Privacy and Open Data

While open data should be governed by the FAIR principles to promote transparency and reproducibility, not all data can or should be made open. There are always privacy, ethical, or cultural issues to consider.

Some data may contain personal or other sensitive information that should not be readily accessible. For example, open data that contains the location of a rare plant or species at risk may further endanger that species if others are able to locate it. We should also consider personal information that may be available when collecting data and whether it is ethical to share that information widely. Consultation with a Research Ethics Board may be necessary before making personal information open. In Canada, the Tri-Council Policy Statement on the Ethical Conduct for Research Involving Human (TCPS-2) provides guidelines for research and the use of research data.

There are methods to de-identify data and repositories may offer options to keep the data closed or embargoed. Good data documentation (i.e., metadata) will protect sensitive data while still making it valuable to others.
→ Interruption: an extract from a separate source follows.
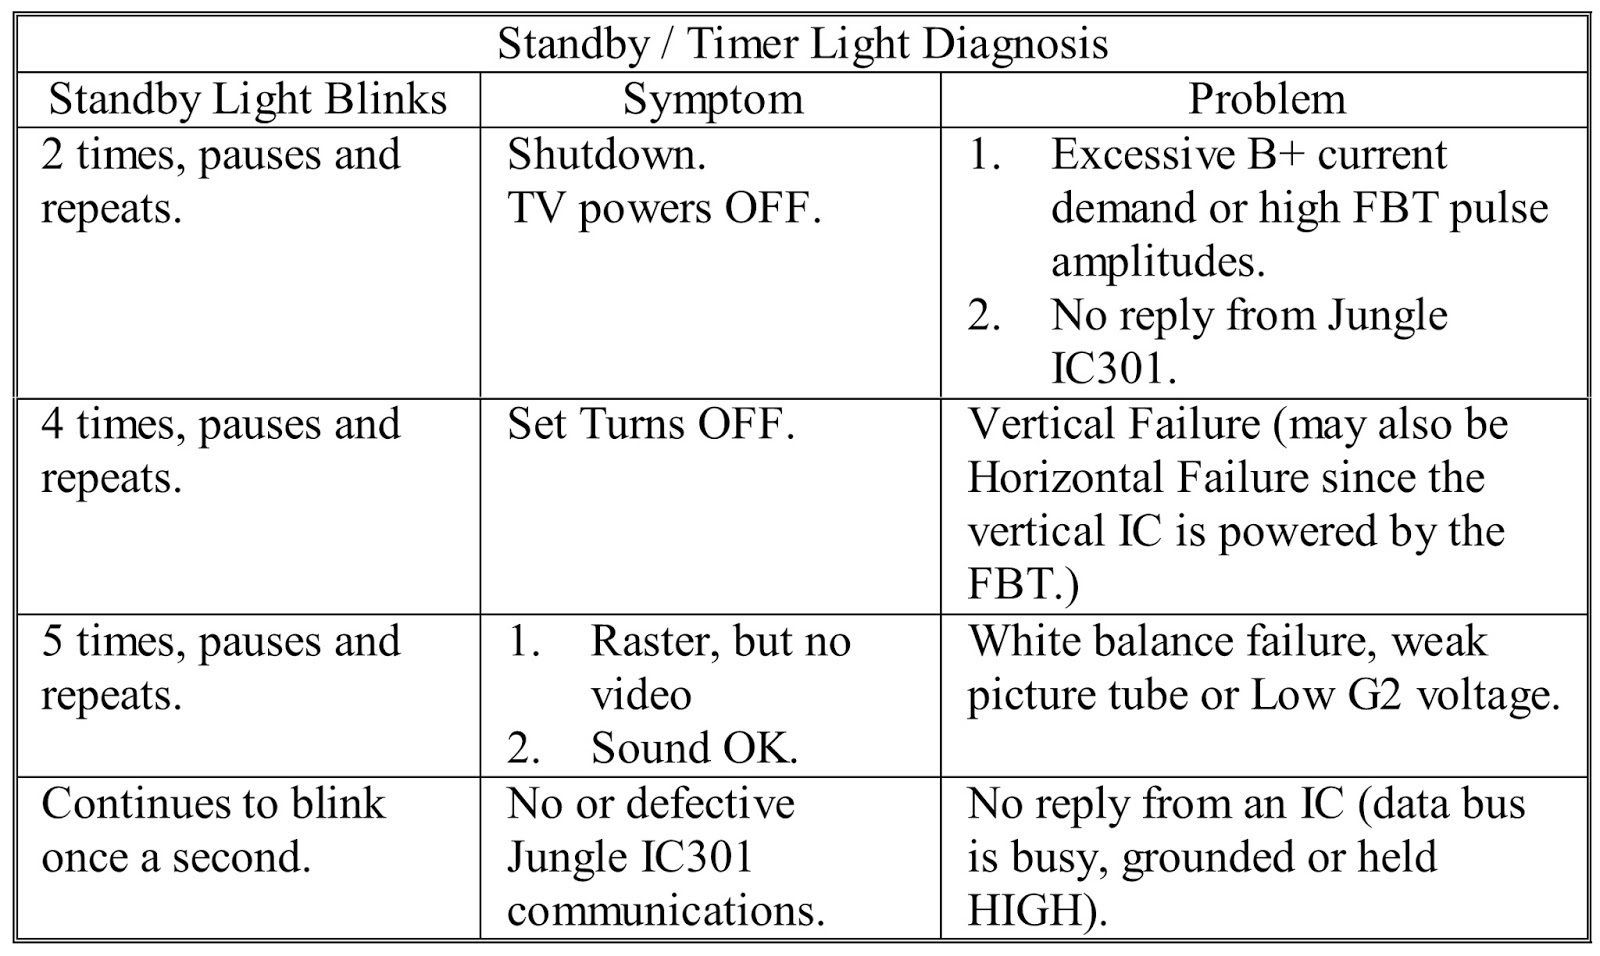 sony trinitron standby light blinking - Video Search ...

Even in cases where data can’t be openly shared (due to ethical or privacy issues), a best practice is to let others know the data exists by creating a description of your data and using a metadata standard so others can find it, cite it, and request access, if that is an option. 

Policy and Open Data

Open data may be required by granting agencies or journals as part of their agreement for funding or publication. For example, in Canada, the Tri-Agency Statement of Principles on Digital Data Management stipulates that, “research data collected with the use of public funds belong, to the fullest extent possible, in the public domain and available for reuse by others.” Read the Tri-Agency Research Data Management Policy and reflect on how this might impact how you manage your data.

Some publishers are also requiring open data and have various policy requirements in place. There are now journals entirely dedicated to publishing data from all domains, such as Scientific Data and the Research Data Journal for the Humanities and Social Sciences. The Transparency and Openness Promotion guidelines outline standards journals may adopt to demonstrate how the journal has introduced open practices.